A year after the Warrington outrage, days after the Heathrow mortars and Saturday's shooting down of an Army helicopter, it is difficult to agree with or like the Irish analysis. Mr Adams and his organisation seem far from recognising the futility of violence. Sinn Fein's response to the Downing Street Declaration appears to be opportunistic rather than constructive. The IRA campaign of killing speaks louder than its utterances.

Yet the Dublin government's strategy warrants examination. In its early days, the Fianna Fail party, at present senior partner in the Irish government, was characterised as only 'slightly constitutional'. Its leader, Albert Reynolds, the Irish premier, seems to take the view that rehabilitating the IRA into mainstream politics may also be gradual. The Provisionals are nervous about ceasefires, worried that they may lead to political oblivion. They may, as Mr Spring argues, need to be inched from violence.

A cautious Irish welcoming of Sinn Fein into the kitchen parlour might offer progress in a peace process that is becoming bogged down. As June's European elections approach, the Unionists are out-competing each other in their rejection of the Downing Street Declaration.
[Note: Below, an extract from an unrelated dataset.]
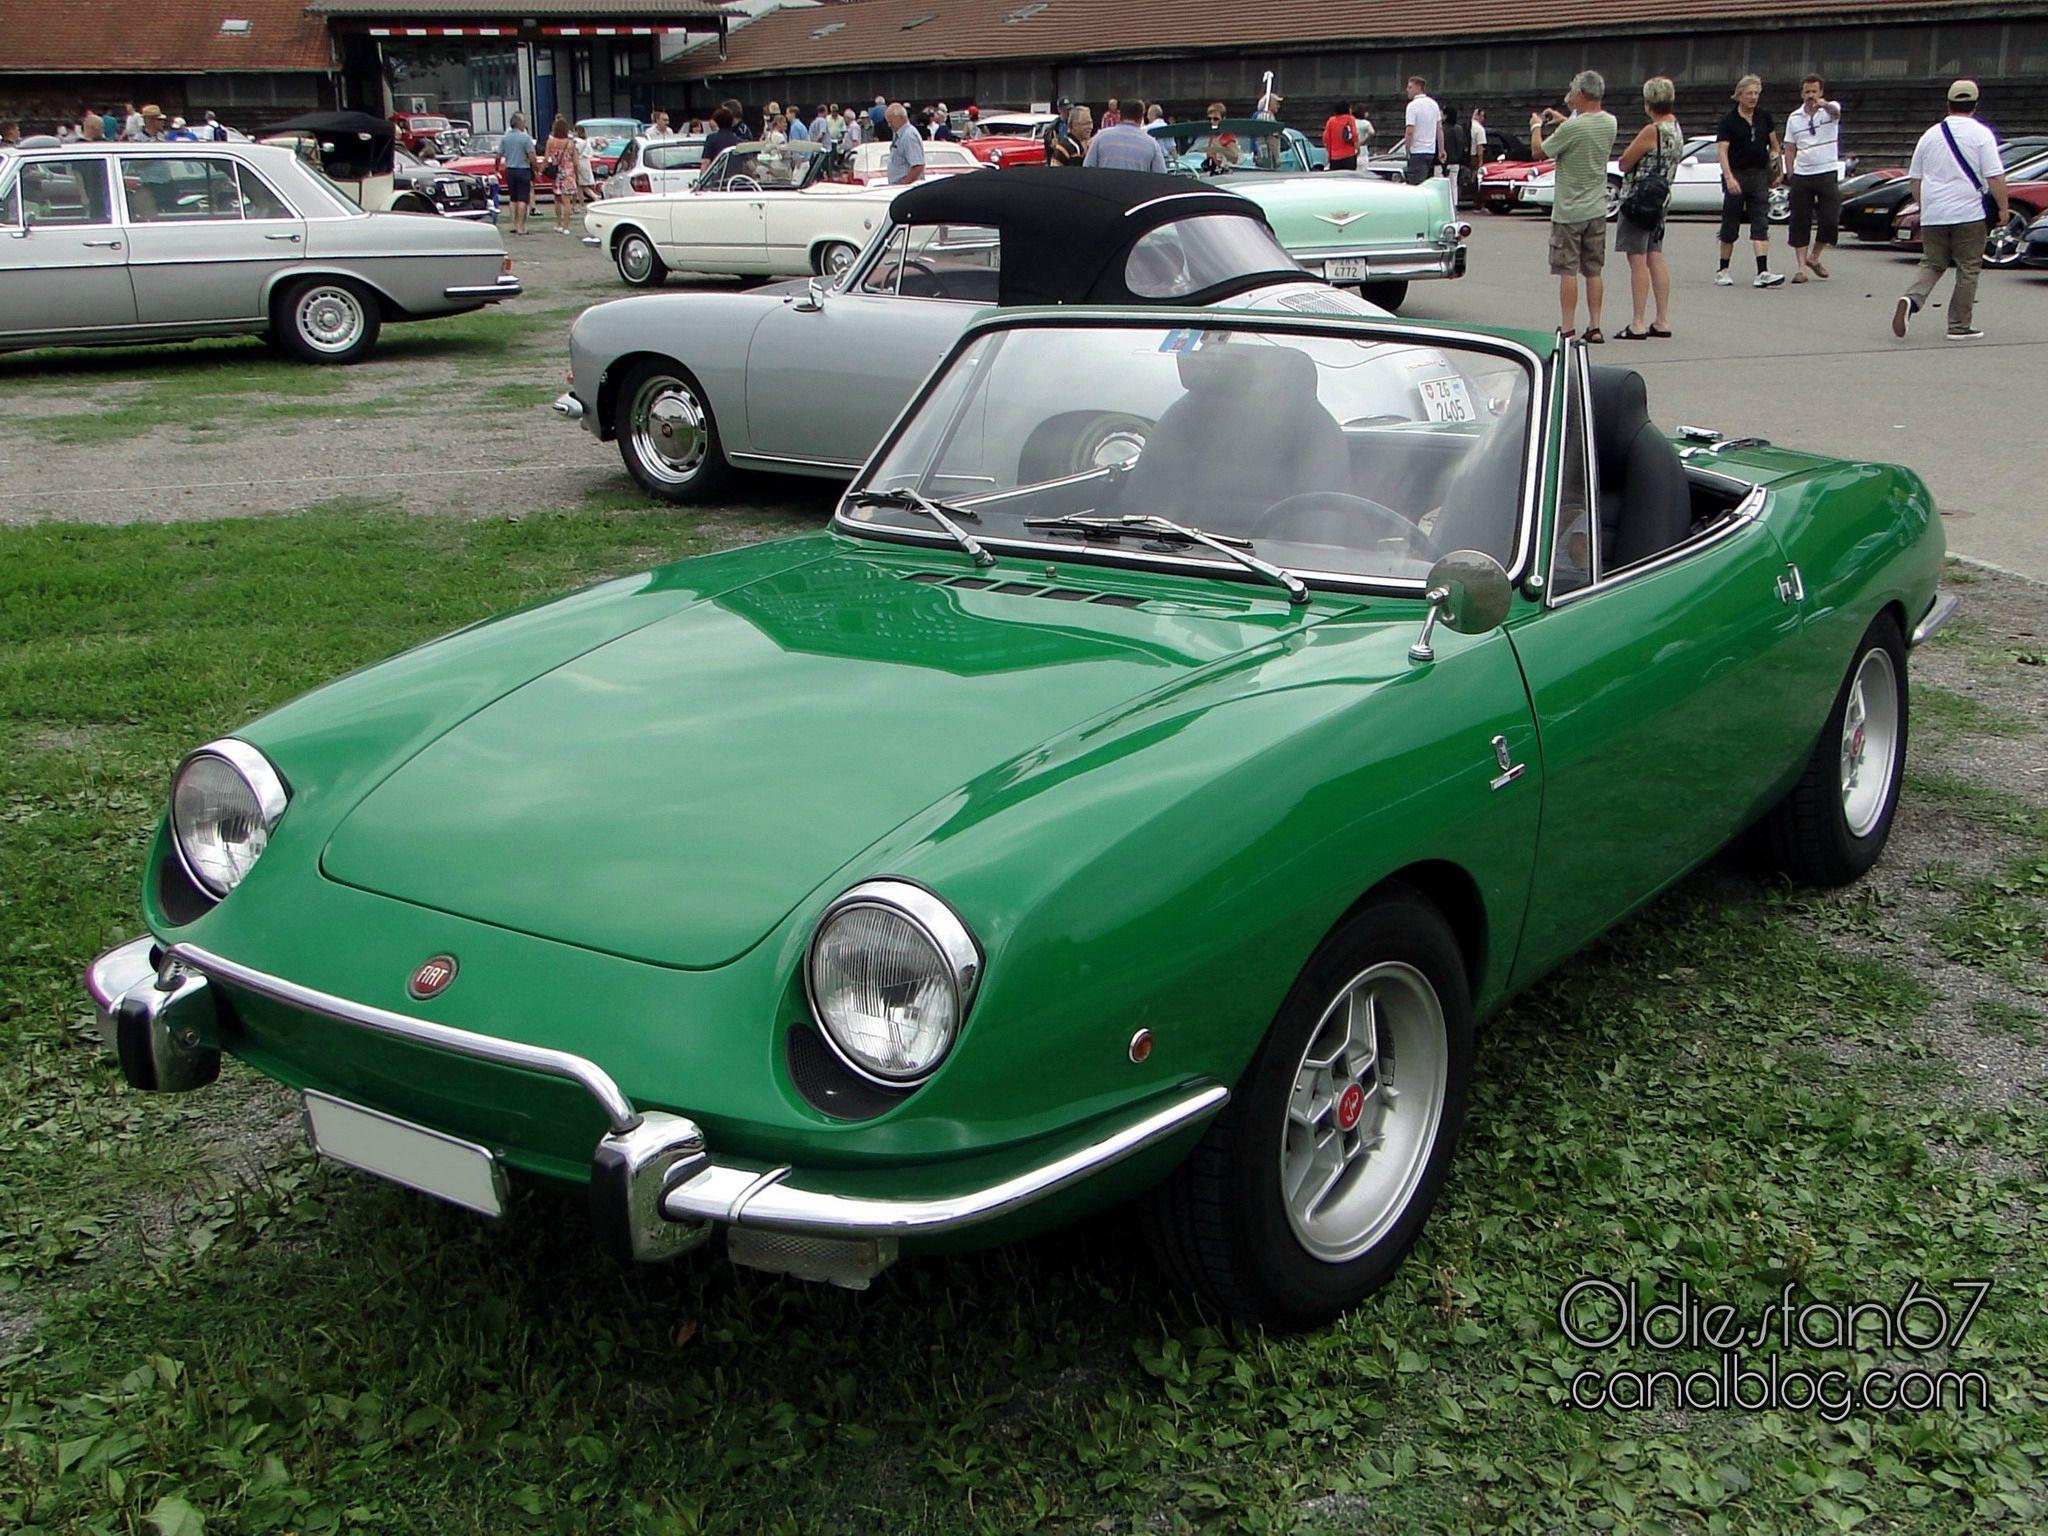 Fiat 850 Sport Spider 1968 Vehicles Pinterest

Meanwhile, John Major enjoys little political leeway given his slender Commons majority and reliance on the nine Ulster Unionist Party votes. Dublin has most room for manoeuvre to keep the initiative alive.
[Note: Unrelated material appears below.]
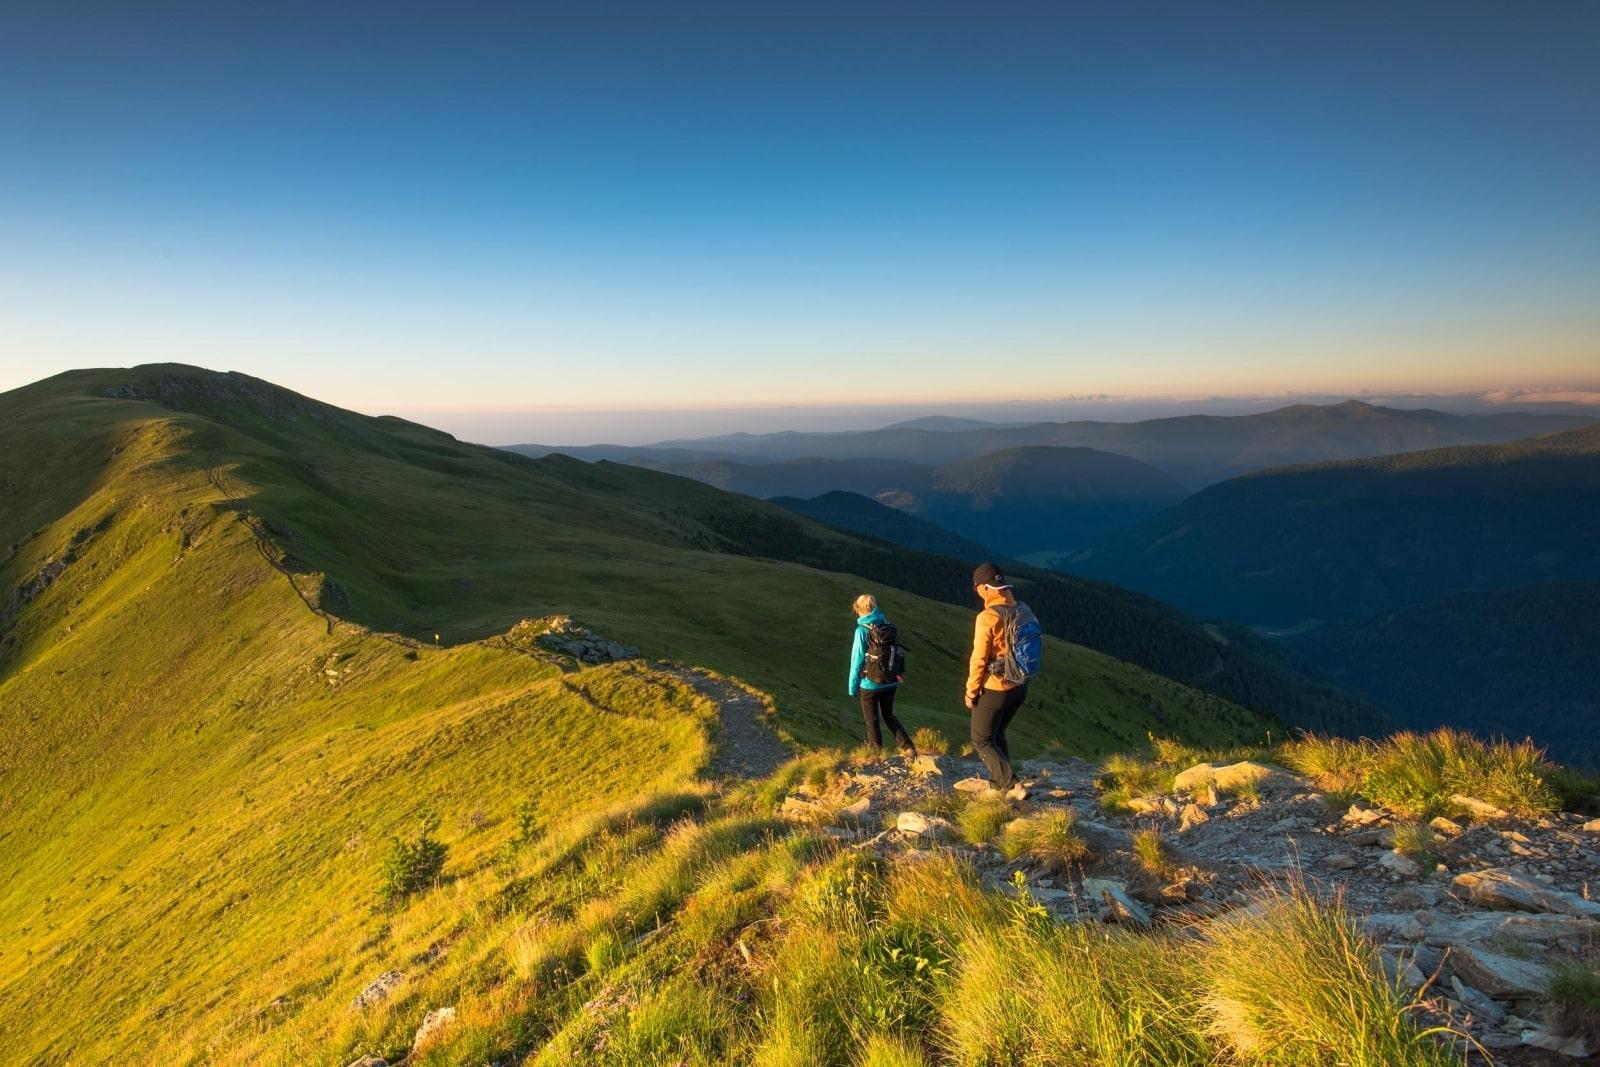 Heidi-Chalet-Falkert-Heidialm-Falkertsee-Blick-Gipfel-Almwiesen

But the Reynolds government has adopted a risky policy that could be mistaken for appeasement. Unionists may fear that London will sell them out to the IRA, but they are sure of Dublin's duplicity. A perceived abandonment of the Anglo-Irish 'no negotiations without peace' stance would alienate Ulster's Protestants further.

The Irish government, while responding boldly and positively to temporary ceasefires, must stick to this principal on talks. It must also match its overtures to Sinn Fein with gestures to the Unionists: more security co-operation and a clear commitment to crack down on terrorism.

The IRA and Sinn Fein should be made to recognise that Dublin's magnanimity springs from strength, not weakness.